待望の単行本化です! 奥田英朗さんのスポーツ・エッセー集。

本書のエッセーの多くは『Number』連載中に既読でしたが、単行本化され改めて読んでみてもやはり抜群に面白かったです。月並みなスポーツ論に終始するのではなく、ワールドベースボールクラシック、朝青龍、ワールドカップ、オリンピックなど、日本人が熱狂したスポーツイベントをネタに、日本および日本人を語っている鋭い民族論・比較文化論にもなっています。

著者のスポーツ・エッセー集といえば『延長戦に入りました』がありますが、本書の方がパワーアップしているという印象を持ちました。それは、『Number』という格式の高い雑誌に掲載されたこととも無縁ではないでしょう。スポーツの起源についても博学で(『Number』編集部が地道な裏付け調査を行なったと思われます)、勉強にもなります。

それにしても目のつけどころが実に独特かつ的確で、感服させられます。日本人にサッカーが向いていないのはものを奪い合うことができないから。

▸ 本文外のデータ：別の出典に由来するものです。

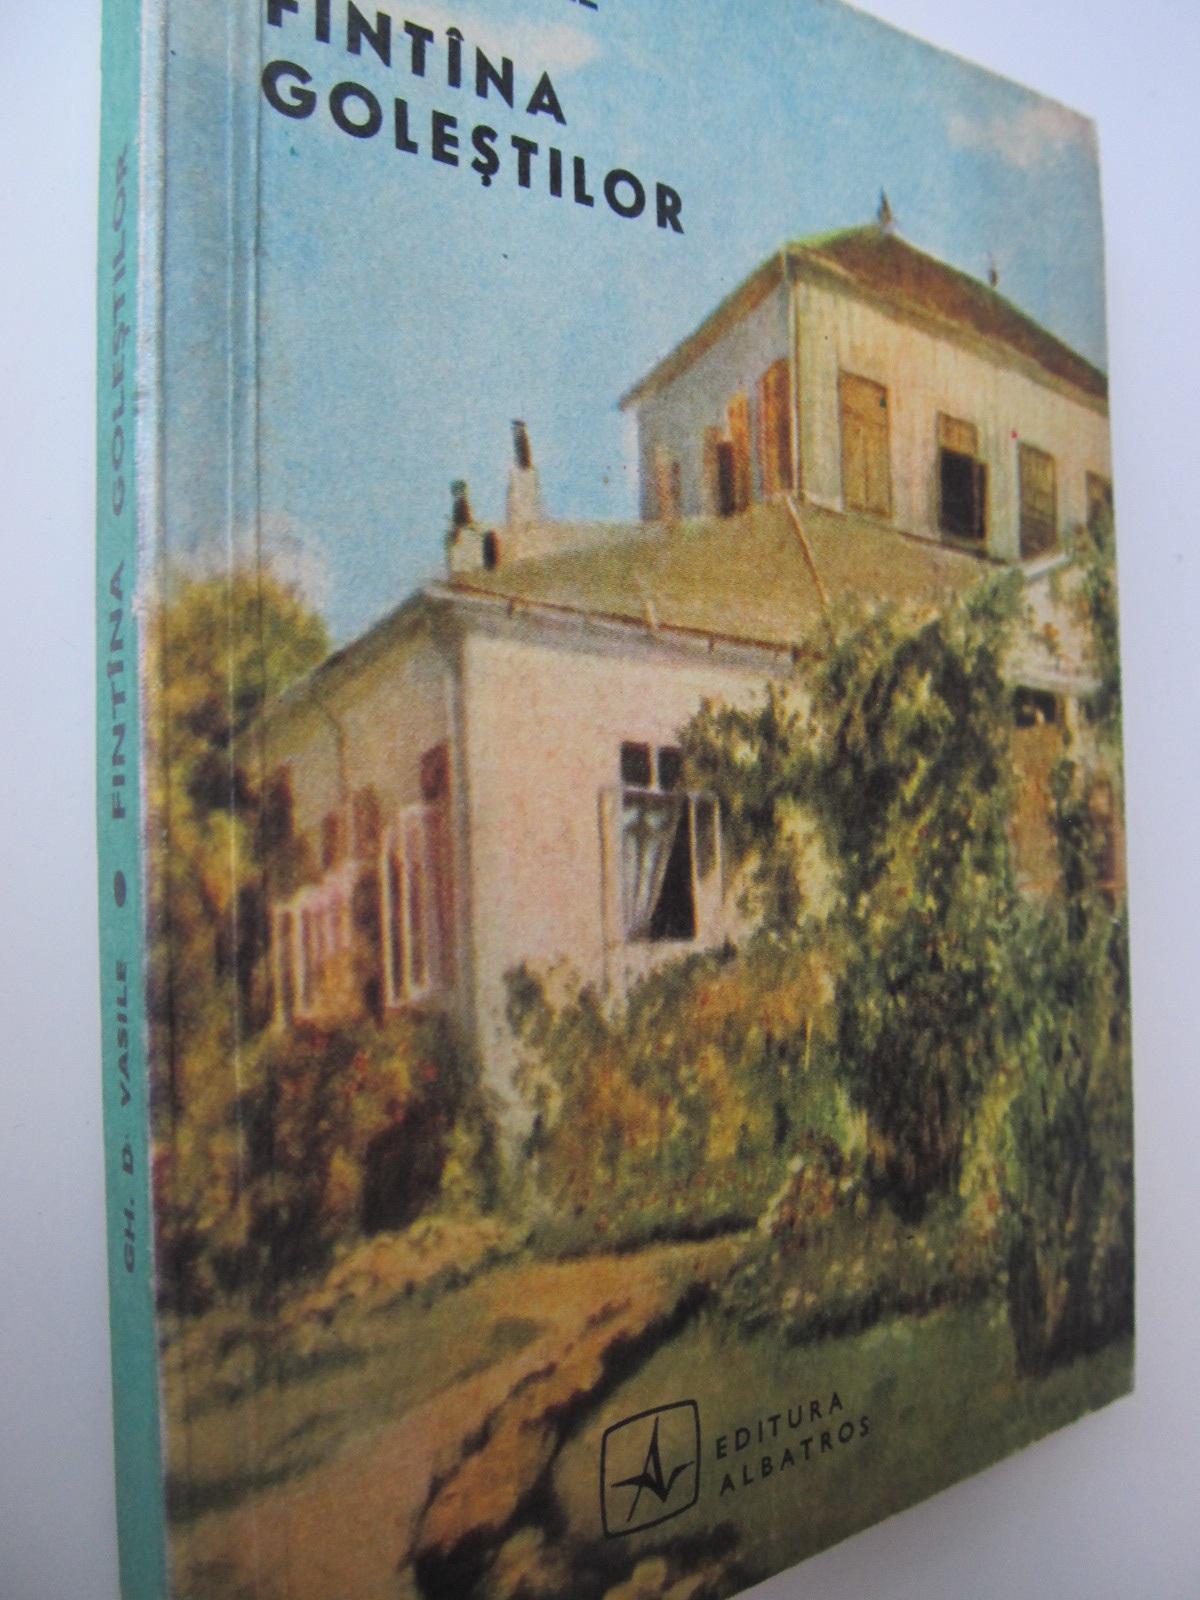 Fantana Golestilor - Gh. D. Vasile | Detalii carte

野球選手にも芸名をつけてはいかがか。野球監督は投票制にせよ。これらの指摘や提言には、爆笑させられると同時に思わず納得させられてしまいました。これだけスポーツ界の著名人をおちょくっていながら、不快感を与えるどころか思わず笑みがこぼれてしまうのは、根底には当人たちへのリスペクトがあることに加え、著者の筆力のなせる技でしょうか。毒舌が冴え渡り、「奥田ワールド」全開といったところです。

著者も書いている通り、スポーツというのは語られる楽しみが大きく、今やスポーツライターから有象無象の個人(含む自分)まで様々な記事や論評が無料で読めますが、本書こそお金を払ってでも読みたいスポーツ論です。

6.09.2011

『日本中枢の崩壊』/古賀 茂明

「日本の裏支配者が誰か教えよう」という帯のコピーに引かれ、手に取りました。

これまで霞ヶ関の官僚たちは優秀なのだと漠然と信じ込んでいましたが、本書を読んで認識を大きく改めさせられました。本来は国民のために働く彼らが、いかに霞ヶ関の掟に則り、総理や与党まで見下しながら、自分たちの既得権を守るために陰湿かつ無駄な活動に奔走しているか。驚愕の事実が綴られています。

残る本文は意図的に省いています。